Exercise material:

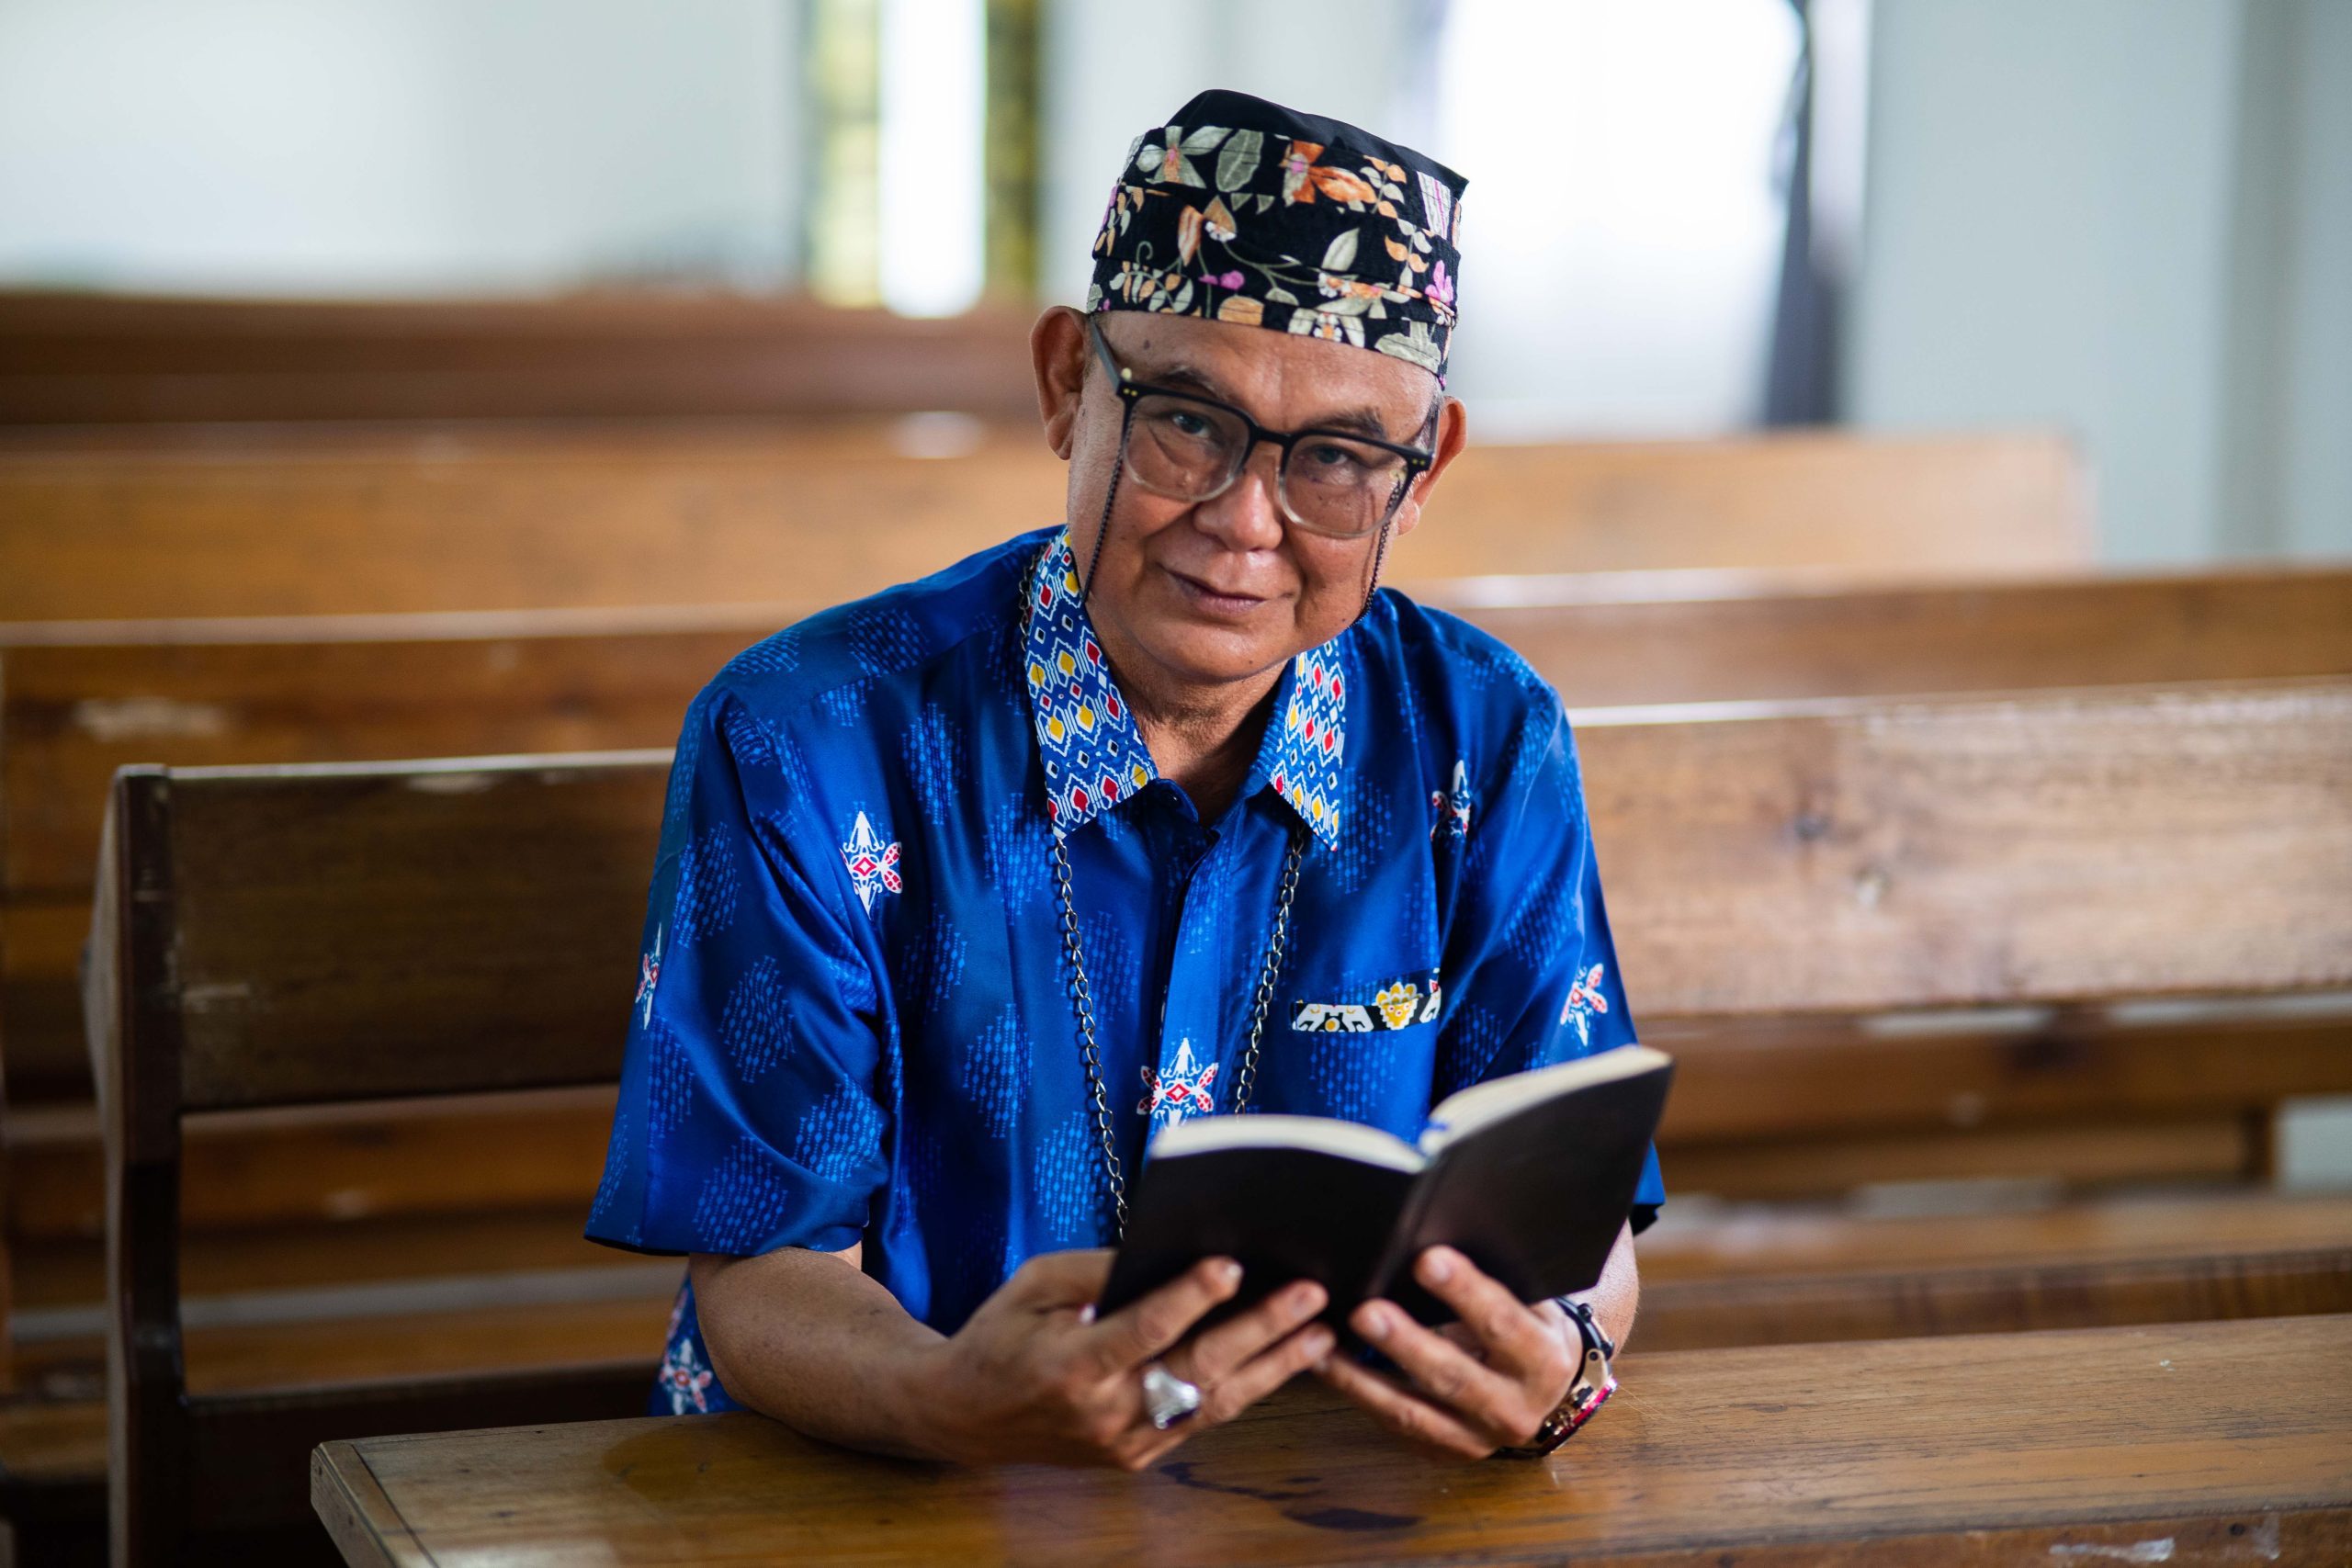 Indonesische man zit in schoolbankje met het Nieuwe Testament van de Bijbel in zijn eigen taal.
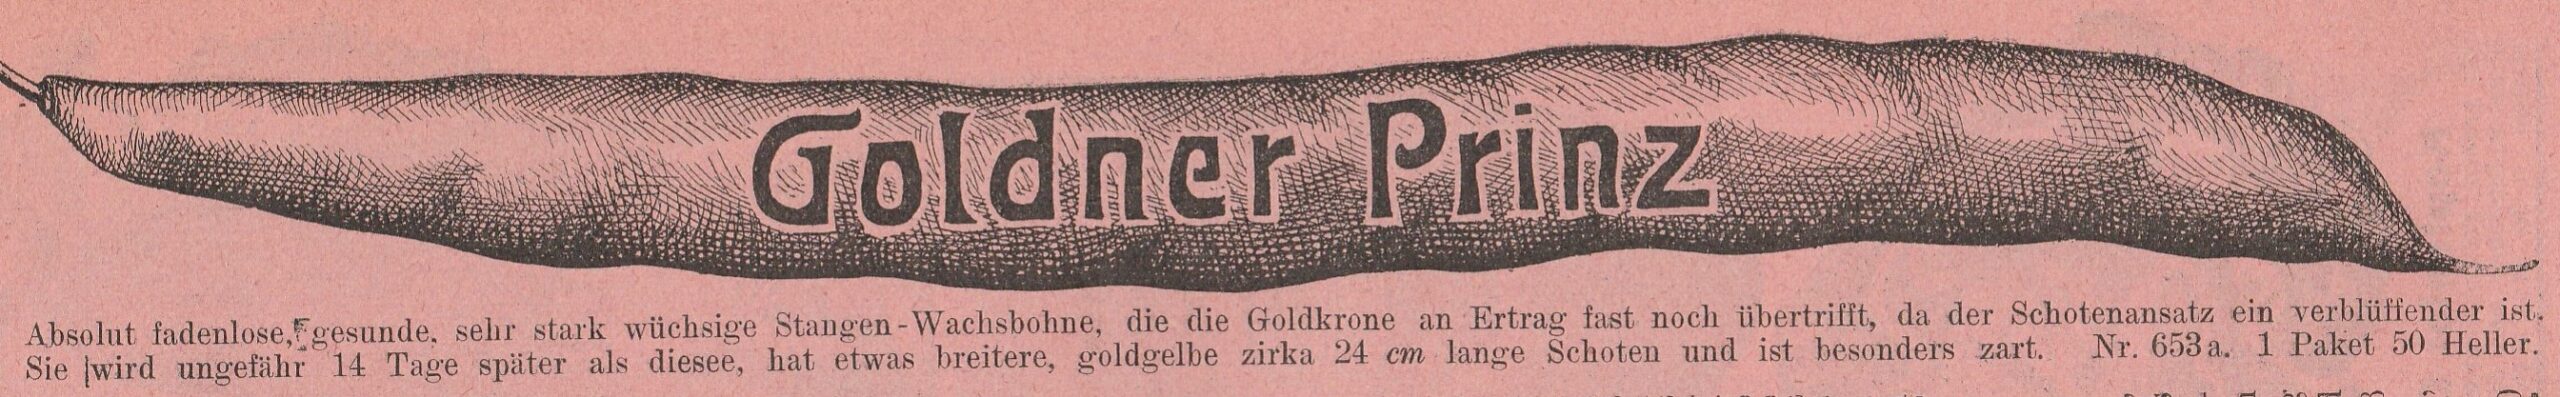 Goldner Prinz-1914-
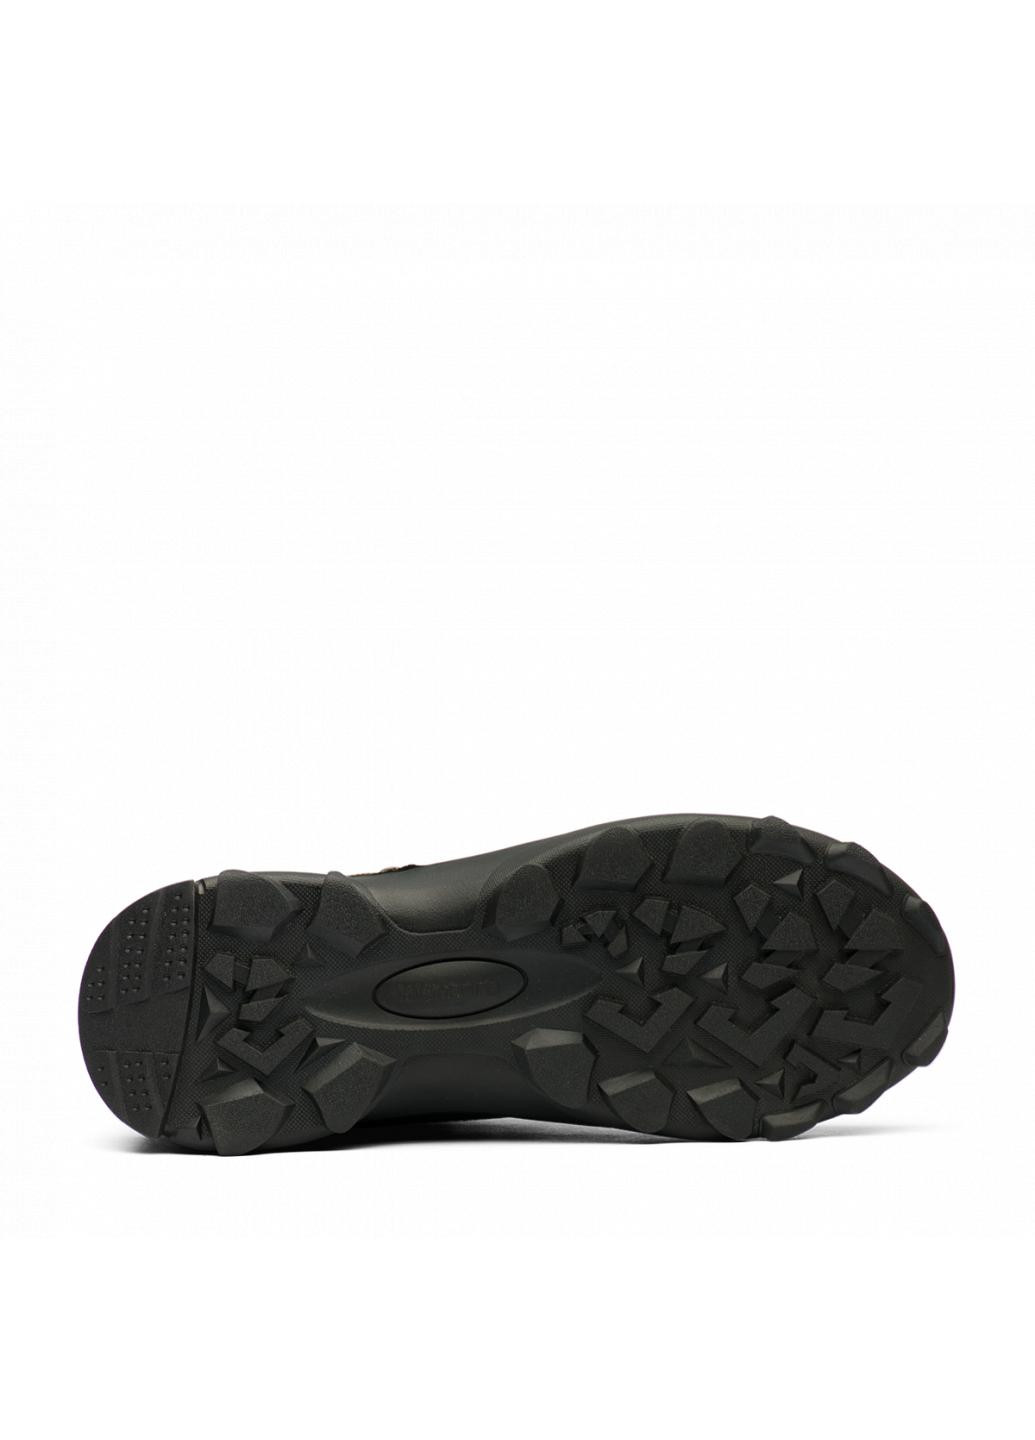 Черные зимние ботинки мужские 220579c1 Humtto
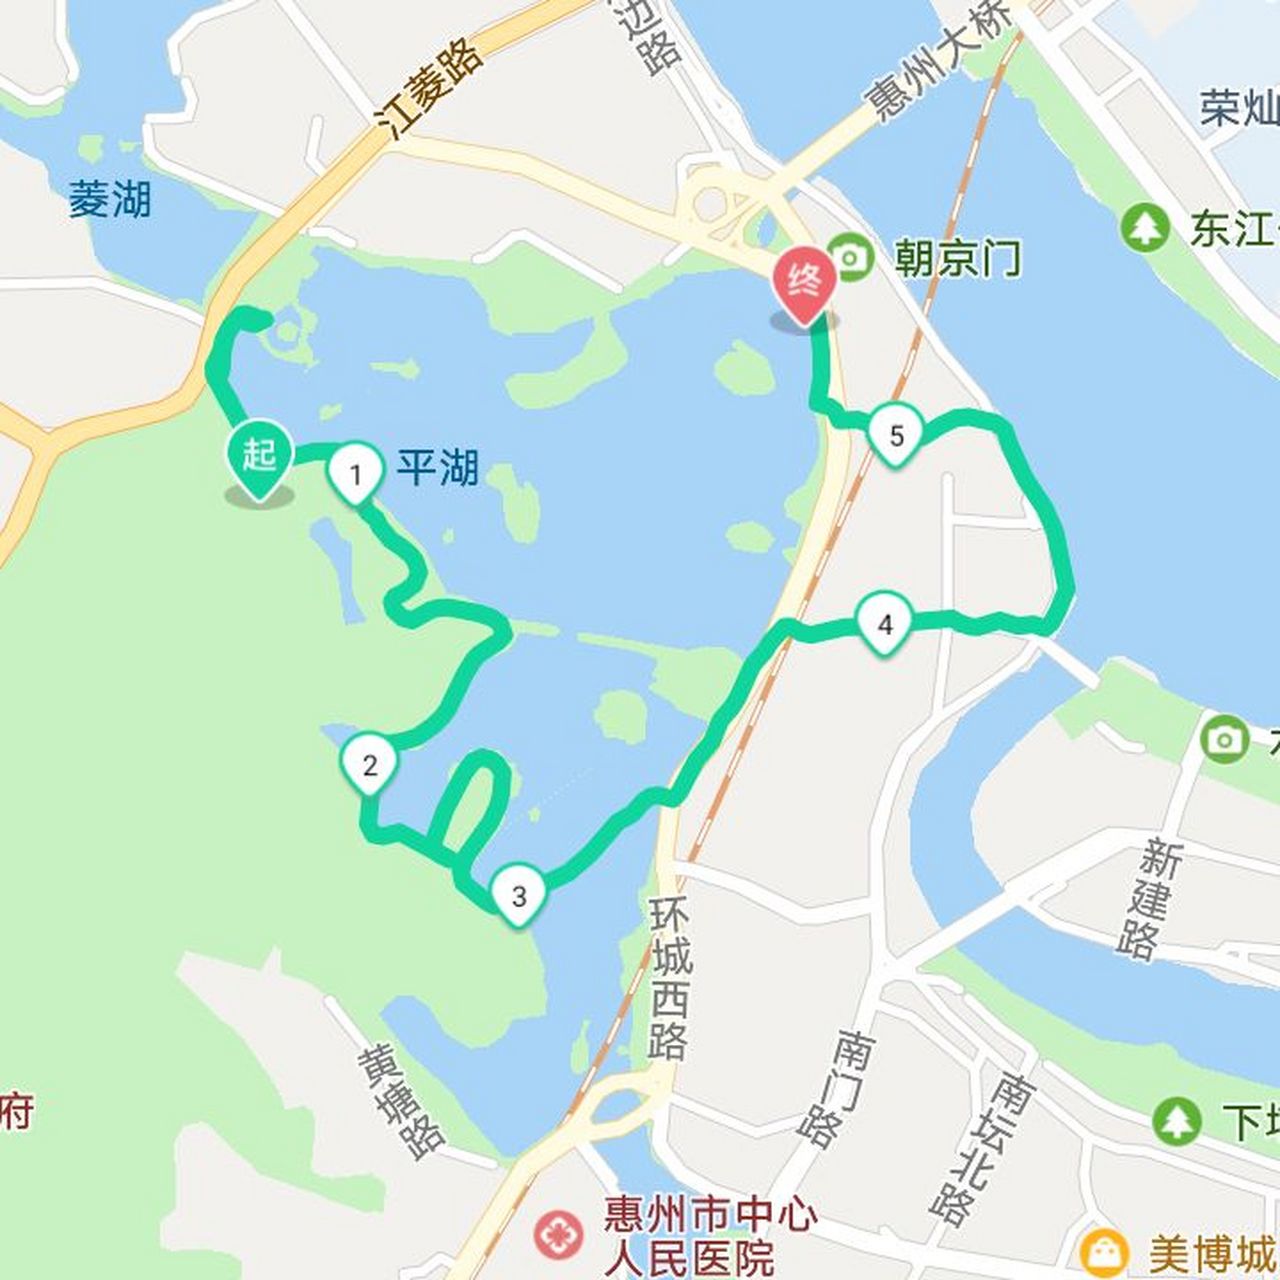 惠州西湖一日游攻略  简介:杭州有西湖,惠州也有西湖!
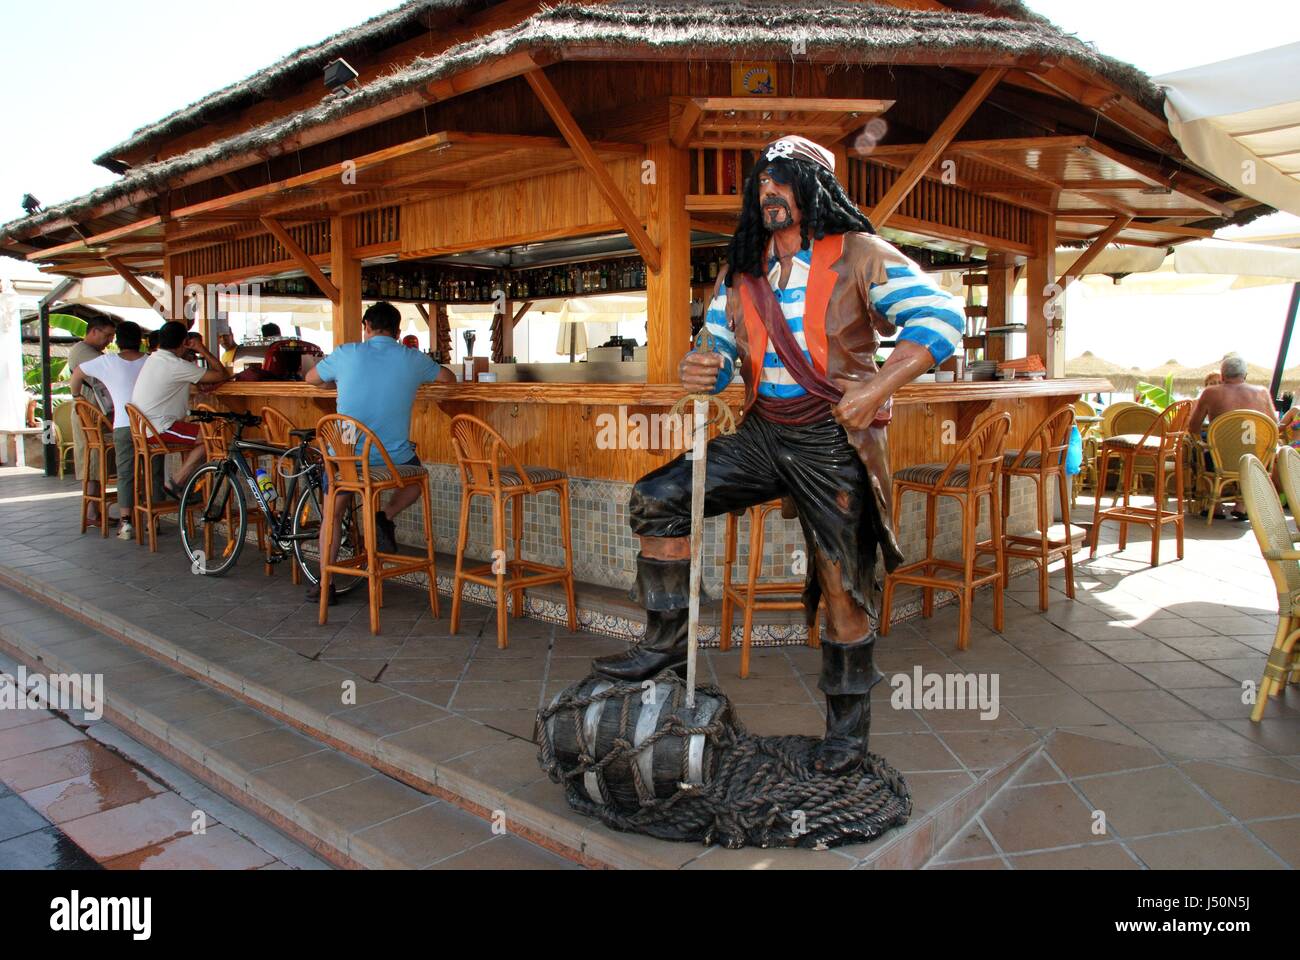 Les touristes à la détente d'un bar de plage le long de la promenade avec un pirate statue en premier plan, Torremolinos, Malaga, Andalousie, province de l'Ouest, Espagne Banque D'Images

Problem statement:
Your copy should hold each line above exactly and no pictures at all.

Solution to the problem:
 Indonesische man zit in schoolbankje met het Nieuwe Testament van de Bijbel in zijn eigen taal.
 Goldner Prinz-1914-
 Черные зимние ботинки мужские 220579c1 Humtto
 惠州西湖一日游攻略  简介:杭州有西湖,惠州也有西湖!
 Les touristes à la détente d'un bar de plage le long de la promenade avec un pirate statue en premier plan, Torremolinos, Malaga, Andalousie, province de l'Ouest, Espagne Banque D'Images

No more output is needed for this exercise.